_Task brief:_
Copy all the data exactly, except the pictures.

(Beginning of Data provided)

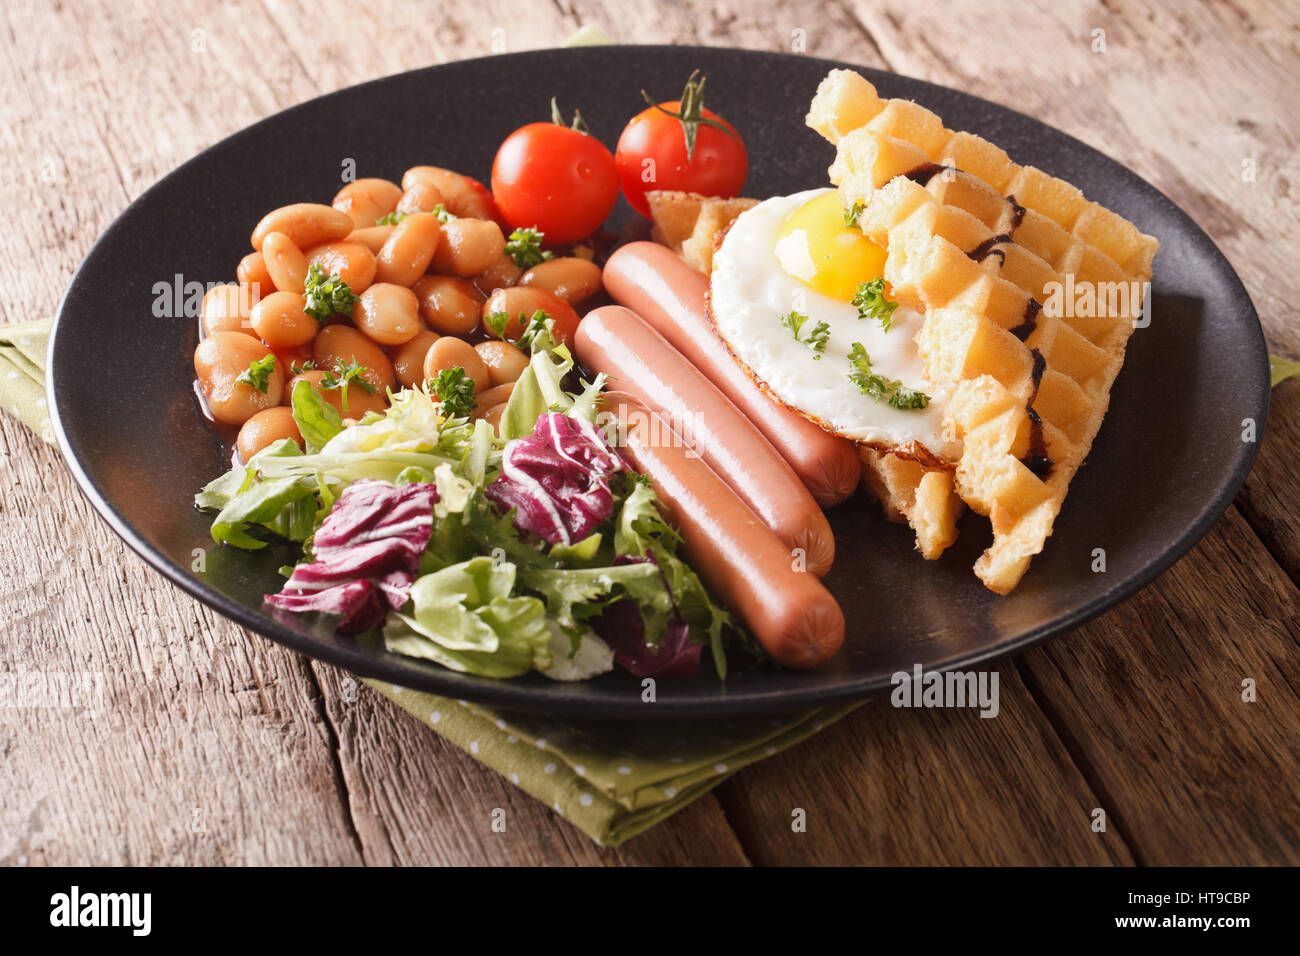 Frittelle fritte con uova, salsicce, fagioli e insalata fresca close-up su una piastra orizzontale. Foto Stock
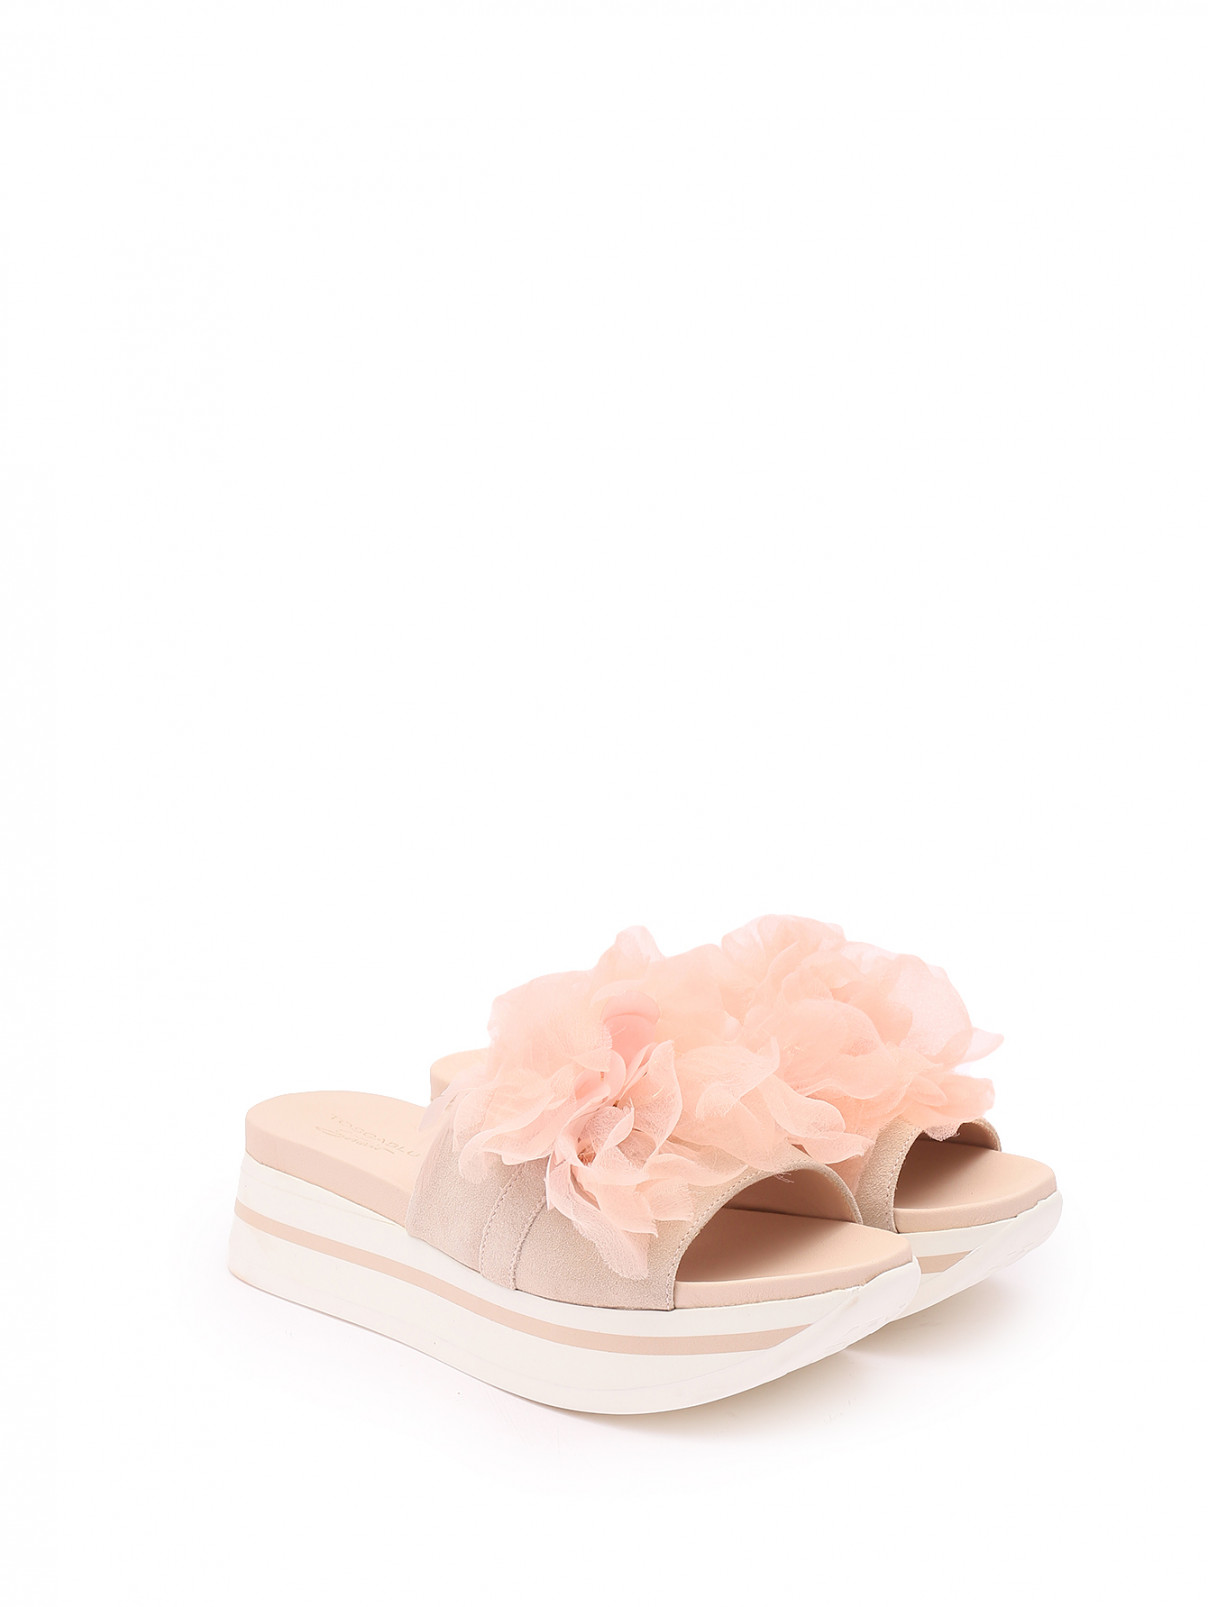 Шлепанцы из кожи с декором Tosca Blu Studio  –  Общий вид  – Цвет:  Розовый
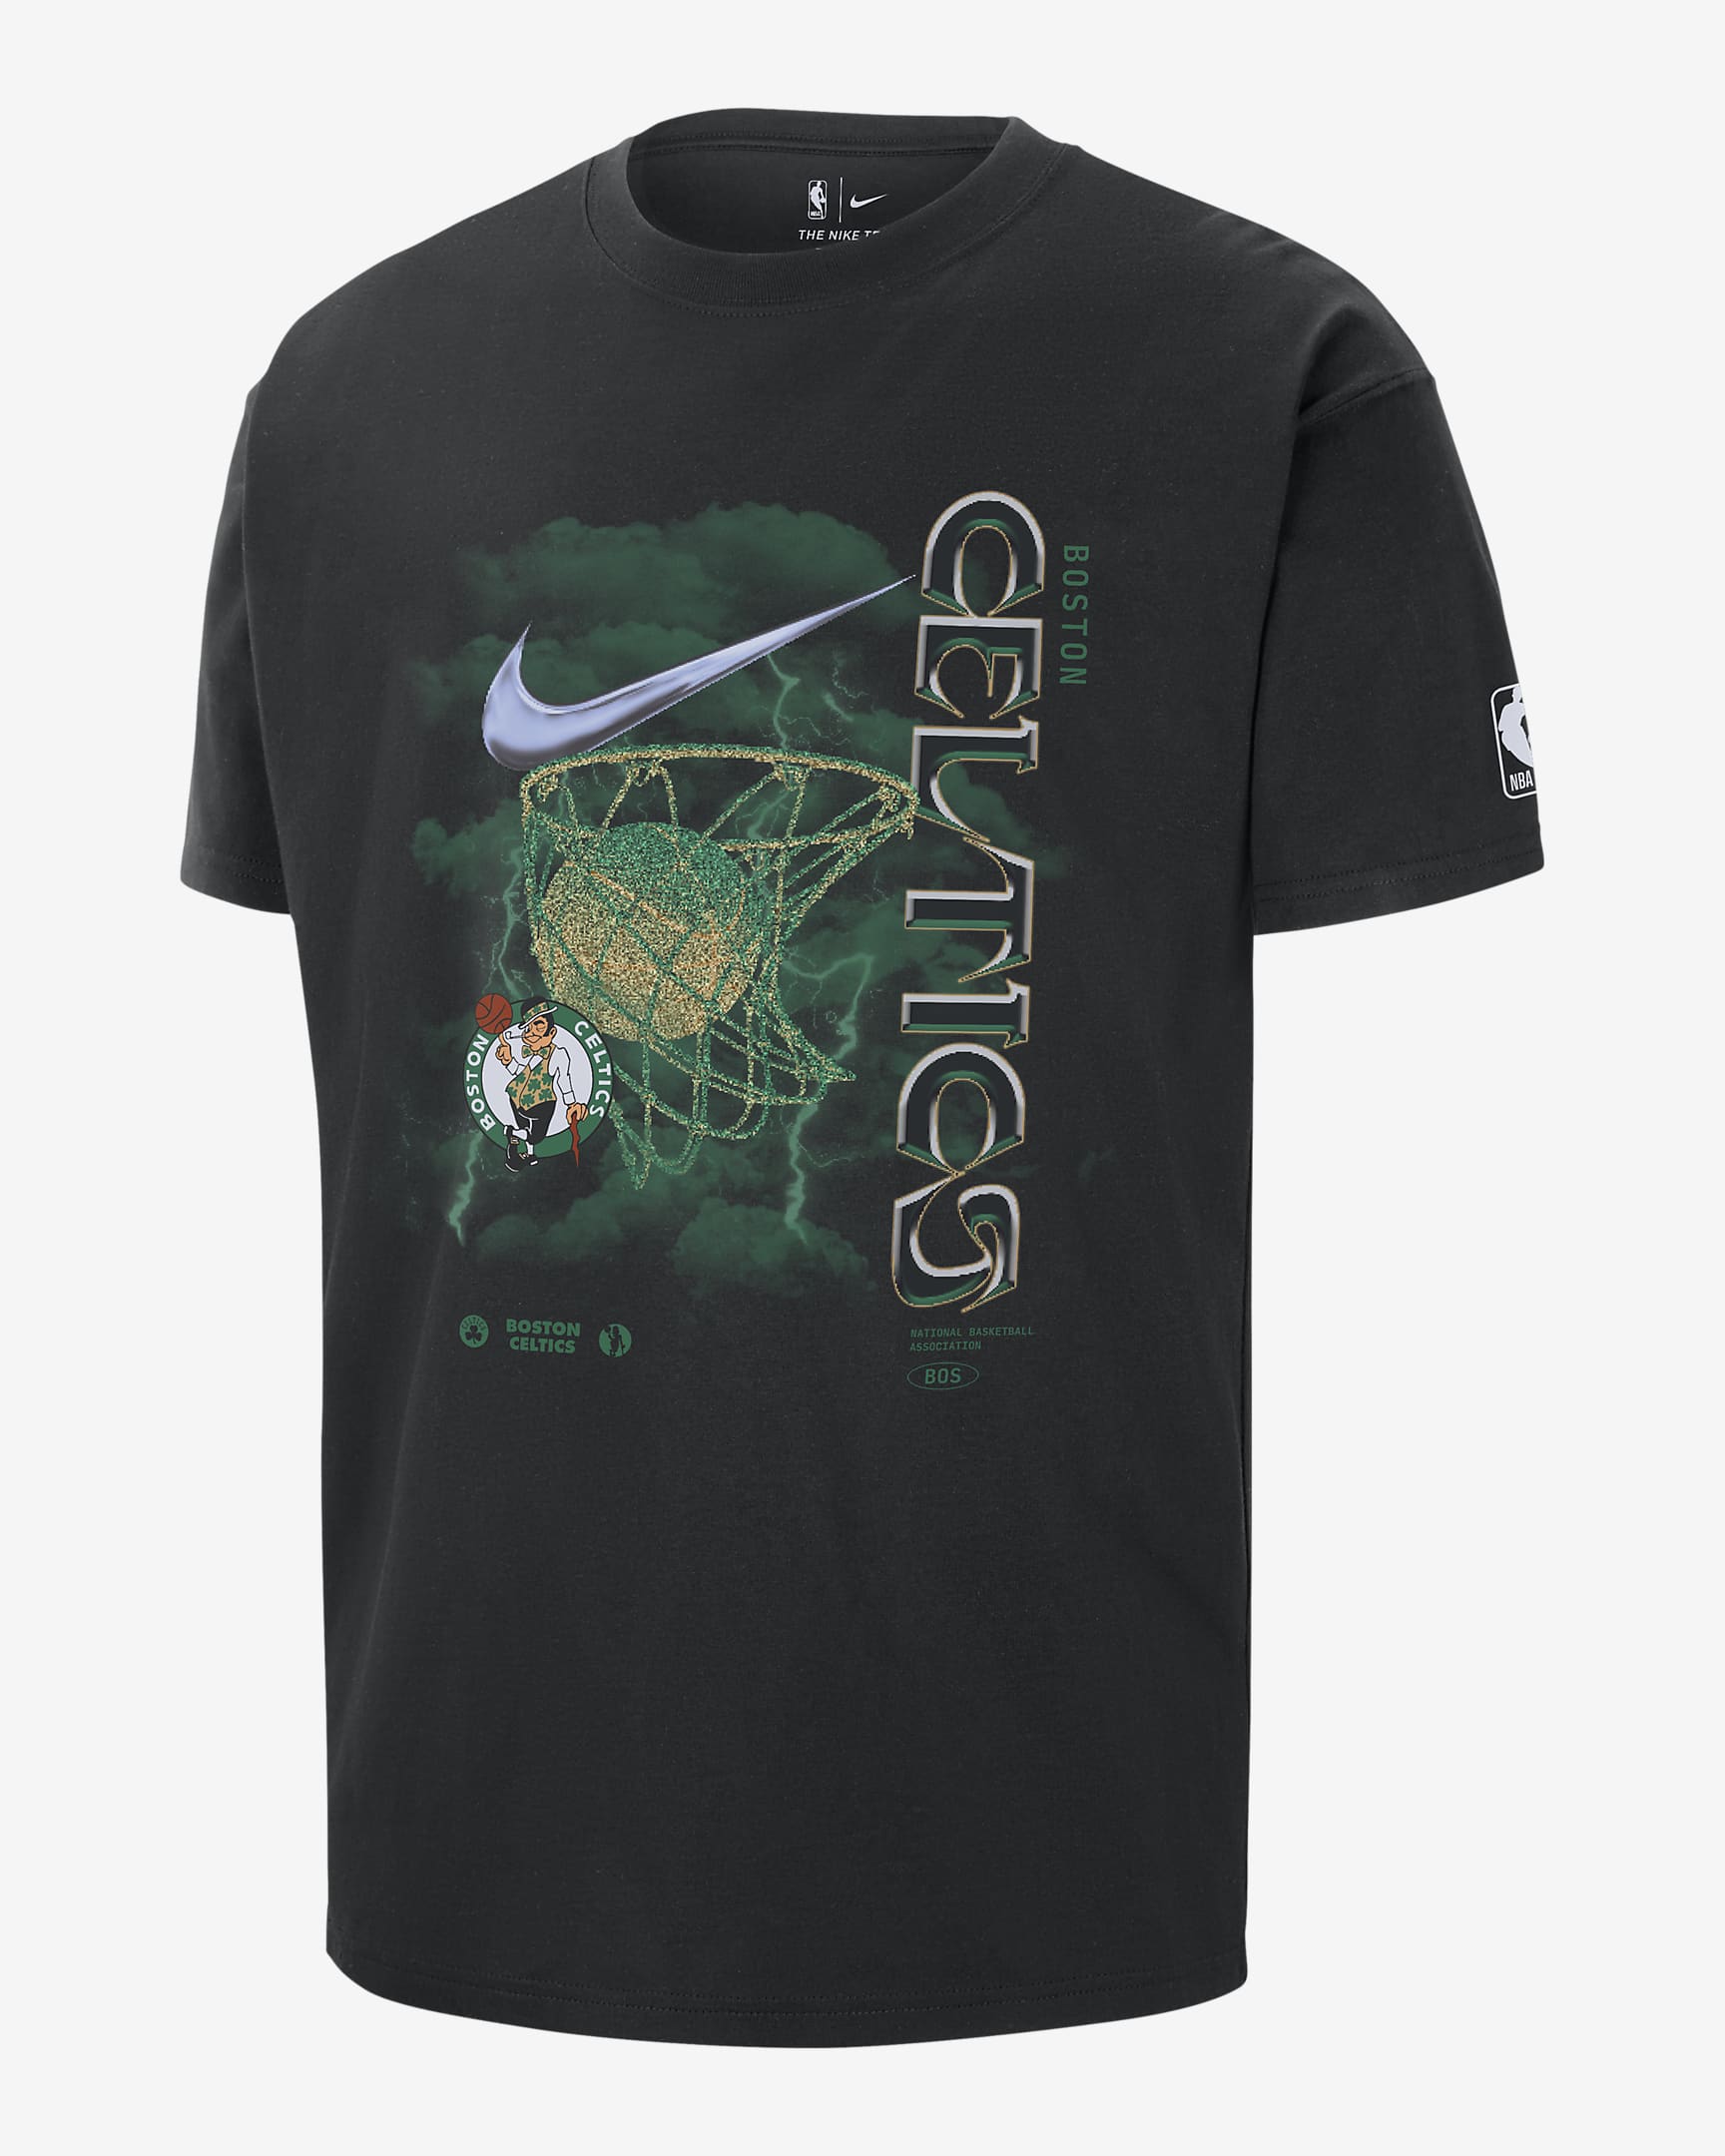 Boston Celtics Courtside Max90 Men's Nike NBA T-Shirt. Nike RO

(End of Data provided)

_Written answer:_
 Frittelle fritte con uova, salsicce, fagioli e insalata fresca close-up su una piastra orizzontale. Foto Stock
 Шлепанцы из кожи с декором Tosca Blu Studio  –  Общий вид  – Цвет:  Розовый
 Boston Celtics Courtside Max90 Men's Nike NBA T-Shirt. Nike RO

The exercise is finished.